Within a roughly 600-light-year radius from the center of our galaxy, there is a dense region of stars and the molecular gas that feeds the formation of said stars. Prior to star formation, this molecular gas is pulled into vast molecular clouds that are pulled into two elliptical orbits around the black hole that anchors the galaxy at the center by magnetic field lines that exist there.

These two massive loops of molecular gas are nested, one inside the other, but they intersect at two points on the galactic disc, and at these intersections both the molecular gas clouds and the magnetic fields collide, changing the behavior of both. For the molecular clouds, research suggest these collisions cause the compression of gas that triggers active star formation. For the magnetic fields, the flux in the magnetic lines causes a strange pillar of magnetism to arise perpendicular to the galactic disc, extending “up” and “down” from the points of intersection (the illustration below, supplied by Keio University, might help you picture this).

That would explain why some of the molecular gas in this region might be pulled into a column above and below the neat elliptical orbits of the main molecular clouds.
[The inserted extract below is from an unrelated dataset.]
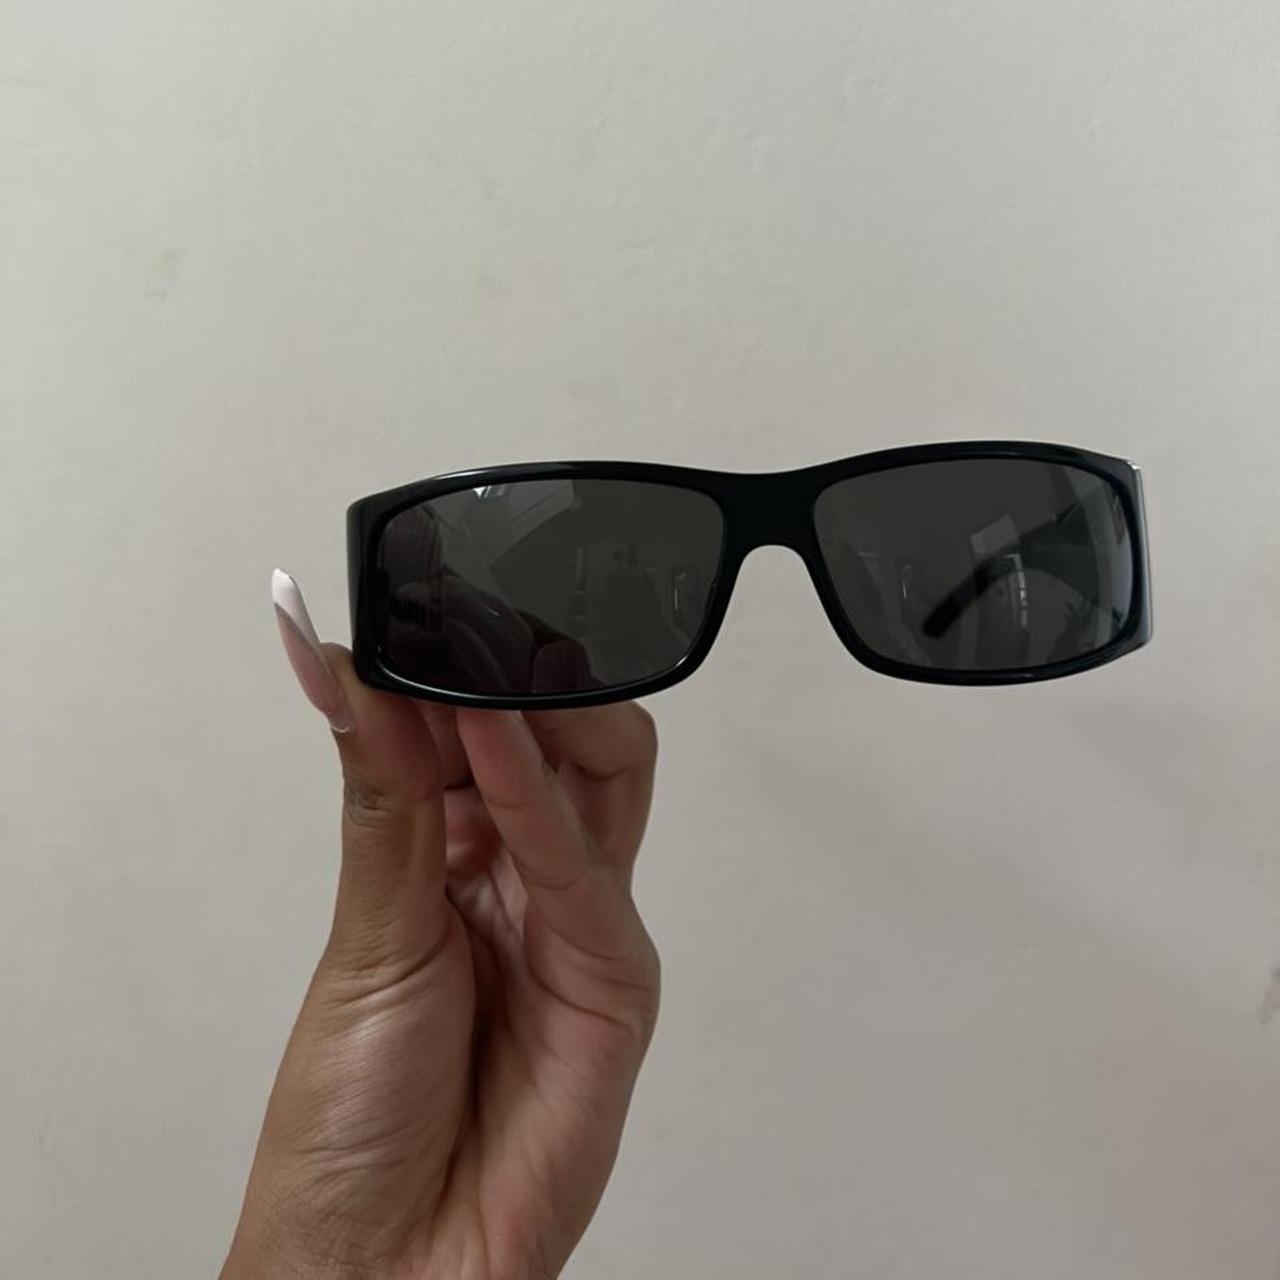 OFFERS 190+ Vintage ‘Your dior 2’ sunglasses Black... - Depop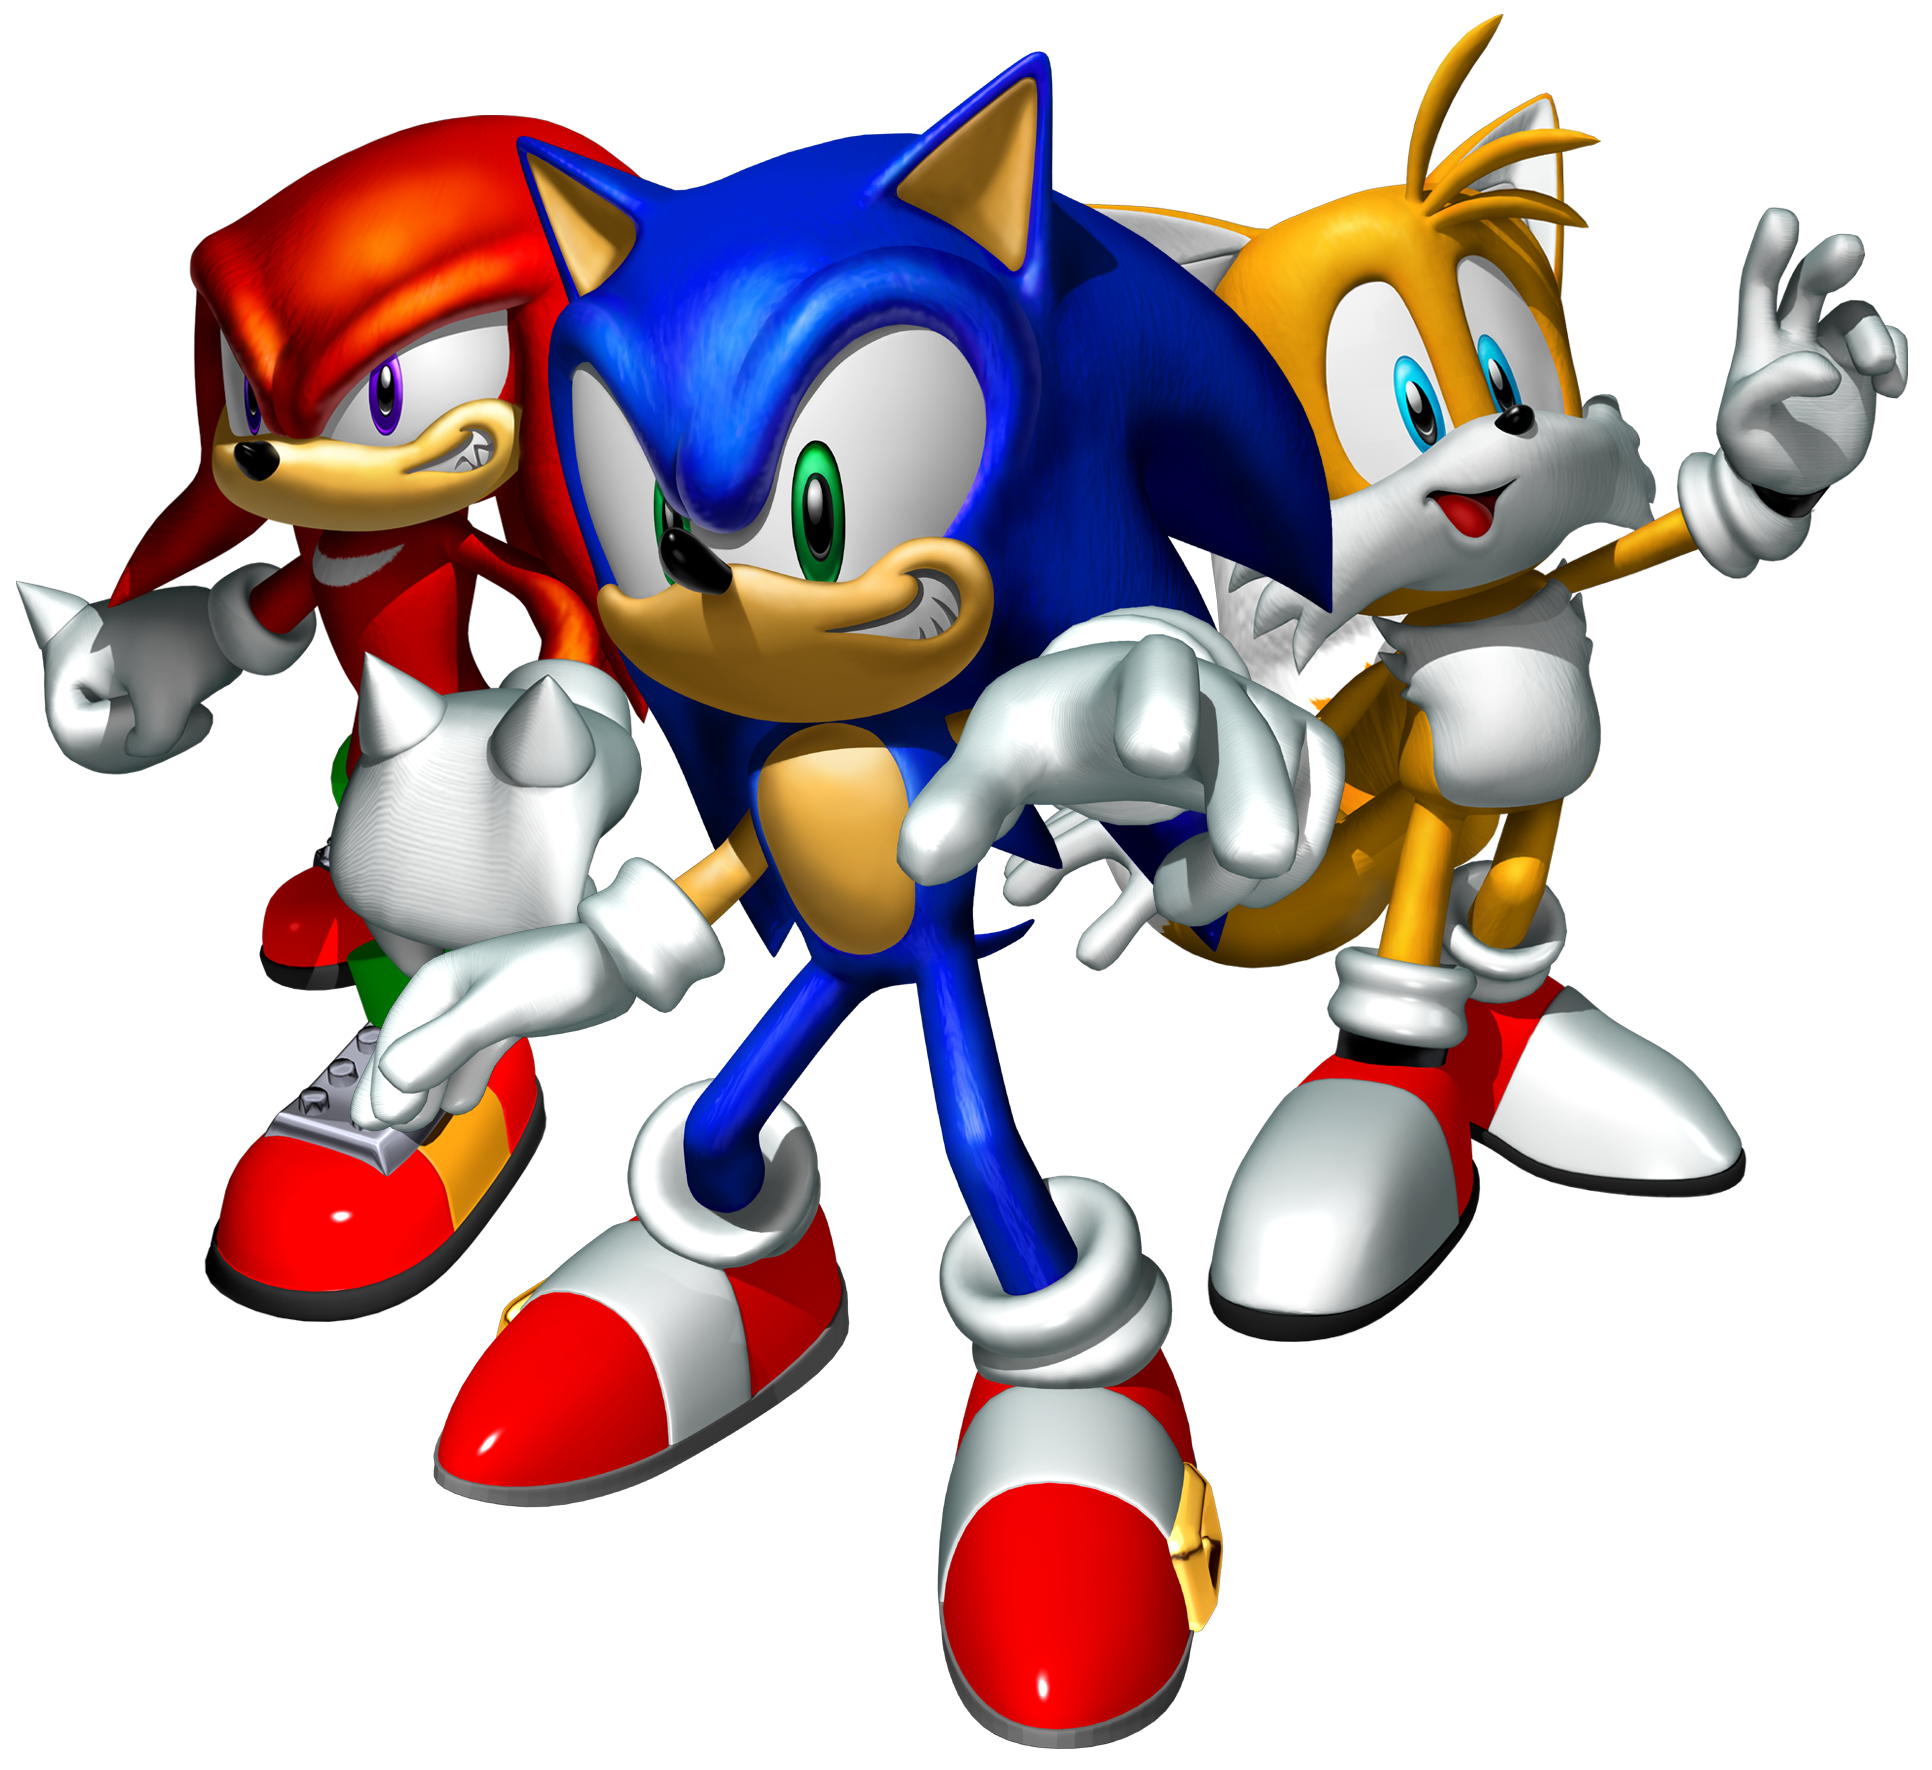 Sonic Heroes - Download

But why the helical structure? It’s somewhat mysterious, but the researchers have a guess. They describe this magnetic tube running perpendicular to the galactic disc as being influenced by the frictional contact between the two main clouds (they describe this as similar to twisting a straight string by rolling it between your thumb and forefinger; eventually it takes a helical shape). This twisted magnetic field gives us the strange “pigtail” feature rendered above.

It might be dismissed as a phenomena if two other helical structures had not also been identified near the galactic center, suggesting that this strange magnetic behavior isn’t isolated or completely anomalous. The researchers aren’t quite sure what it means for our understanding of the region near the galactic center, but it should lend some insight into the strange magnetism taking place there.